У Саблина было намерение ворваться к ним и бить чем попало эту грубую толпу. Кием, шарами, бутылками, увидеть кровь на разбитых лицах, увидеть страх в подлых глазах. Но он сдержался. Ах! Да и чем они виноваты, что им, непосвященным, показали божество. Было досадно, больно, обидно… Да ведь это пропаганда, которая идет через офицеров, через тех, кто должен беречь и спасать Государя! Сегодня у нас, вчера у стрелков, на прошлой неделе у Преображенцев, там раньше — у гусар. Трубачи, прислуга собрания, песенники. Что понимают они во всем этом? Видят развратных девок с голыми ногами, видят циничный танго и кэк-уок, слышат раздражающую музыку румын и слова непотребных песен и среди всего этого — Царя!
Царь — это Бог!

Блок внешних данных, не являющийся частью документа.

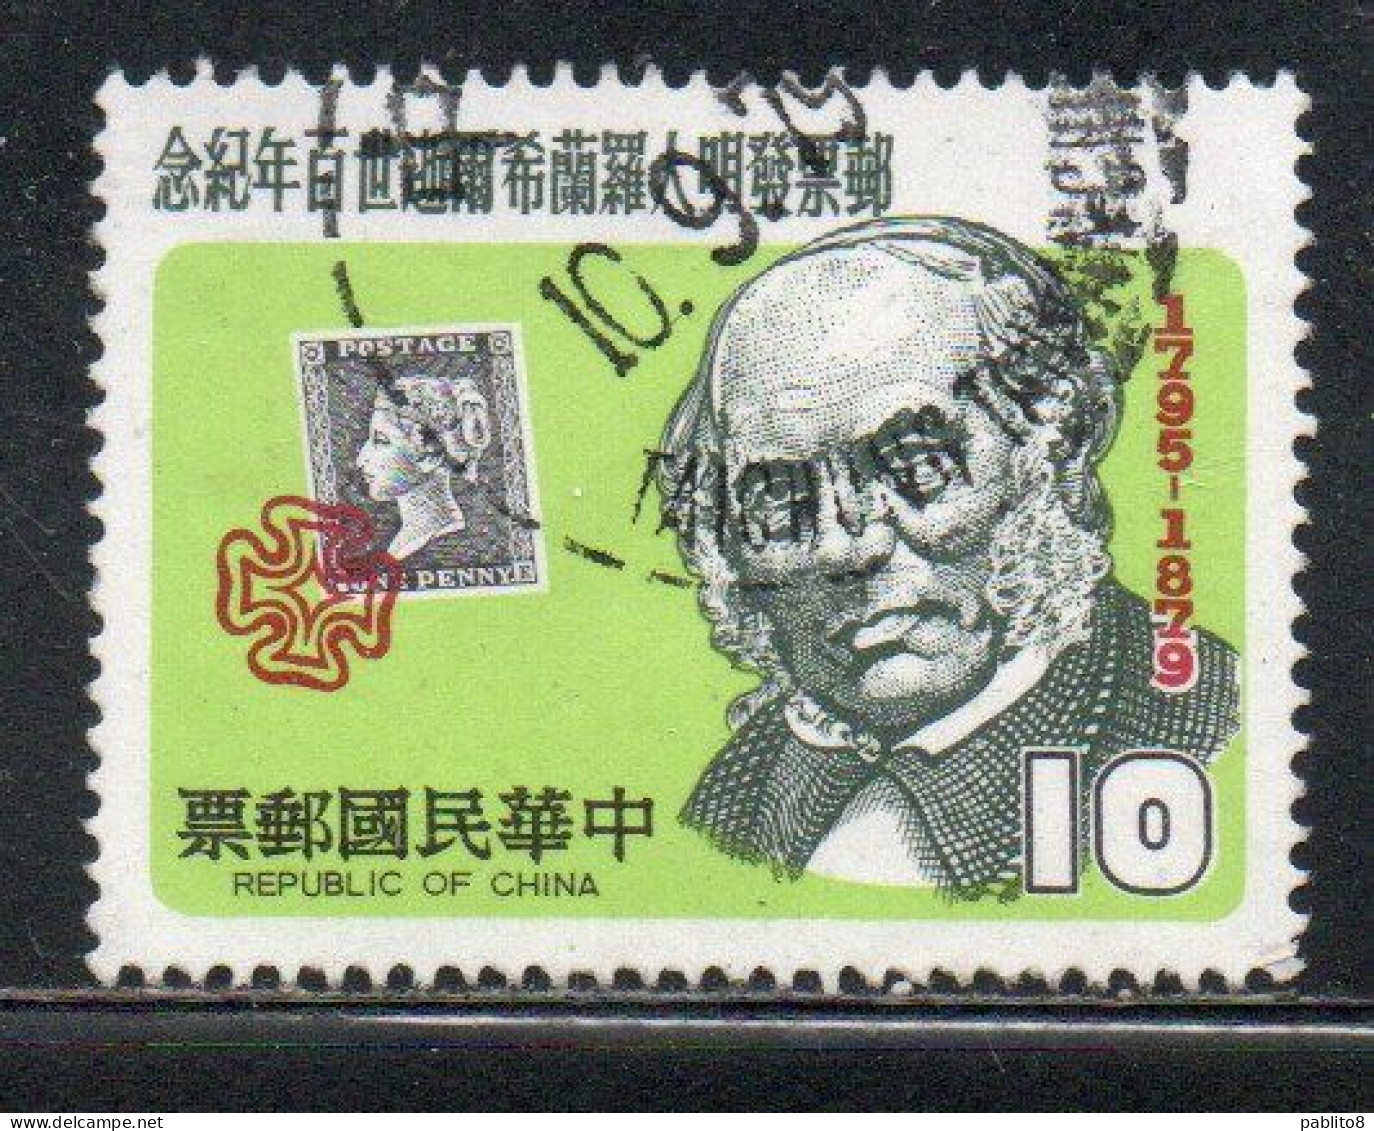 CHINA REPUBLIC CINA TAIWAN FORMOSA 1979 SIR ROWLAND HILL PENNY BLACK 10$ USED USATO OBLITERE' - Used Stamps

Ну можно ли перед алтарем протанцевать или пропеть шансонетку!
Саблин вспомнил, как в дни революции 1905 года в Казанский собор во время молебна ворвалась толпа молодежи в шапках, и один при смехе товарищей закурил папиросу о пламя лампадки.
А это не то же? Но там были социалисты, враги Бога и Царя, а здесь — мы! мы!
Ужас охватил Саблина, он схватился руками за голову и, шатаясь, вышел из собрания. Когда в передней он надевал пальто, из зала слышался несдержанный смех и задорное трио пело по-французски слишком шаловливую песню.
Белая весенняя ночь была на улице. У подъезда собрания стоял автомобиль. Толстый офицер сидел на месте шофера и, не шевелясь, печальными глазами смотрел вдаль. Саблин подошел к нему и пожал ему руку. Офицер посмотрел и вдруг увидал слезы на глазах у Саблина. Он приподнялся на своем месте, горячо обнял Саблина и поцеловал. Они поняли друг друга. Оба страдали ужасно.
XXXIV
Весною Репнин принял полк, Саблин на Пасху был произведен в полковники, Степочка получил армейский полк, Ротбек — второй эскадрон, Мацнев вышел в отставку.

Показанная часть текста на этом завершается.